Буреломов был в «авторитете» среди их призыва. На гражданке он едва не ушёл по этапу за разбой. «Отмазали» родители, дав следователю взятку, и тот из «подозреваемого» переквалифицировал гражданина Буреломова в «свидетеля».

Арбузов его уважал.


За последние две недели батальон заметно поредел. Половину «дедов» уволили. Всего в БАТО и РМО «дедов» оставалось человек пятнадцать.

А вчерашних «гусей» – в два раза больше. Но половина из них, по своей сути, были «рабы». Другая половина мучилась вопросом: «Тварь ли я дрожащая… иль право имею?»


В человечестве не существует равенства. Общество изначально неравно. Есть сильный и слабый, есть умный и дурак. Есть здоровый и больной.

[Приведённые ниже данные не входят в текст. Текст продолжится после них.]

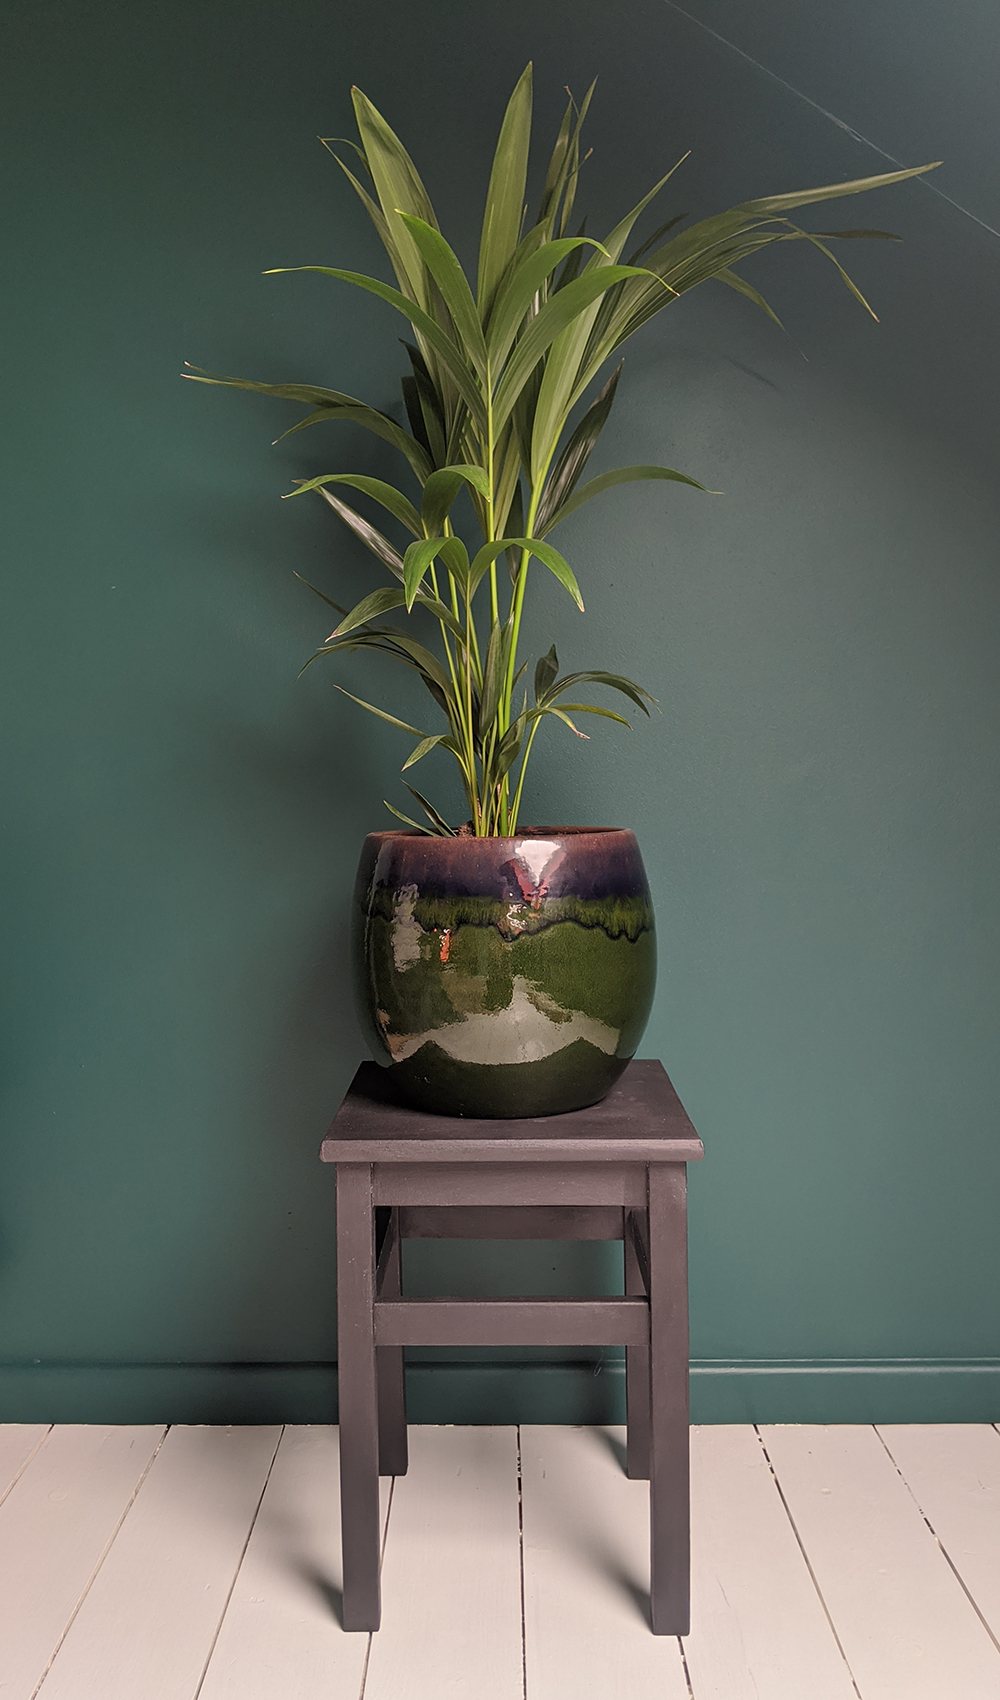 A photo of the newly painted plant stand, with a tall Kentia palm plant on it.

Есть те, кто всю жизнь будет рыть могилы, лепить пельмени, месить раствор, крутить гайки, получая за это гроши, возмущаться несправедливостью жизни, но так и останется на низах общества.

Есть вторые: кому с рождения не хочется делать грязную работу. Он лучше будет грабить, убивать себе подобных, но никогда не будет работать на стройке, в котельной, на комбинате у доменной печи или колхозе на комбайне, зарабатывая себе горб и трудовые мозоли. Он лучше будет охранником у сильных мира сего, вышибалой в баре, сутенёром, содержателем притона или бандитом с «большой дороги».

Есть и третьи… Кто не обладает крепкими кулаками, ловкостью, быстротой, но они умеют «держать нос по ветру». Как правило, такие… идут в политику. В любую относительно спокойную историческую эпоху, уловив суть господствующего на тот момент политического учения, они заявят себя его последовательными сторонниками и адептами, будут холуйски исполнять все прихоти и причуды своего начальства; будут вежливыми, исполнительными, преданными и… постепенно они добьются своего: займут хорошо оплачиваемые должности, мягкие кожаные кресла, роскошные кабинеты. Они будут обладать просторным жильём и красивыми женщинами. Столы их будут накрыты изысканной пищей и сладкими винами. Их жизни будут охранять люди из второй социальной категории. Личные водители на служебном транспорте будут развозить их домой после шикарных банкетов. Их не будут останавливать сотрудники ГАИ. Им многое будет сходить с рук, потому что они «сильные мира сего». Их основная функция заключается в том, что они, обладая знаниями в области экономики, политологии, государственного управления, юриспруденции, перераспределяют материальные средства, заработанные людьми первой категории. Большую часть гребут себе, гораздо меньше дают своим охранникам, любовницам и секретаршам, а жалкие крохи – всем остальным.

Так было, так есть и так будет.

Конечно, человеческое общество куда сложнее, чем изображённое в данном наброске, но тем не менее…

Есть и такие времена, смутные, нестабильные, когда Корабль Истории штормит. В этот время на авансцену вылезают четвёртые: те, кто не доволен существующим положением, кто сам хочет занимать места третьих. Для этого они кричат о необходимости «социальной справедливости», для этого из пыльных кладовых извлекаются потрёпанные лозунги «о всеобщем братсев, равенстве и счастье»; ораторы на митингах заводят толпы недовольных, взывая к их оскорбленным чувствам, направляют их гнев и злобу на вторых и третьих, бросая их на бунт. В такие моменты происходят революции. Идут массовые казни, кровавые разборки, суды Линча, черные переделы, «экспроприация экспроприаторов».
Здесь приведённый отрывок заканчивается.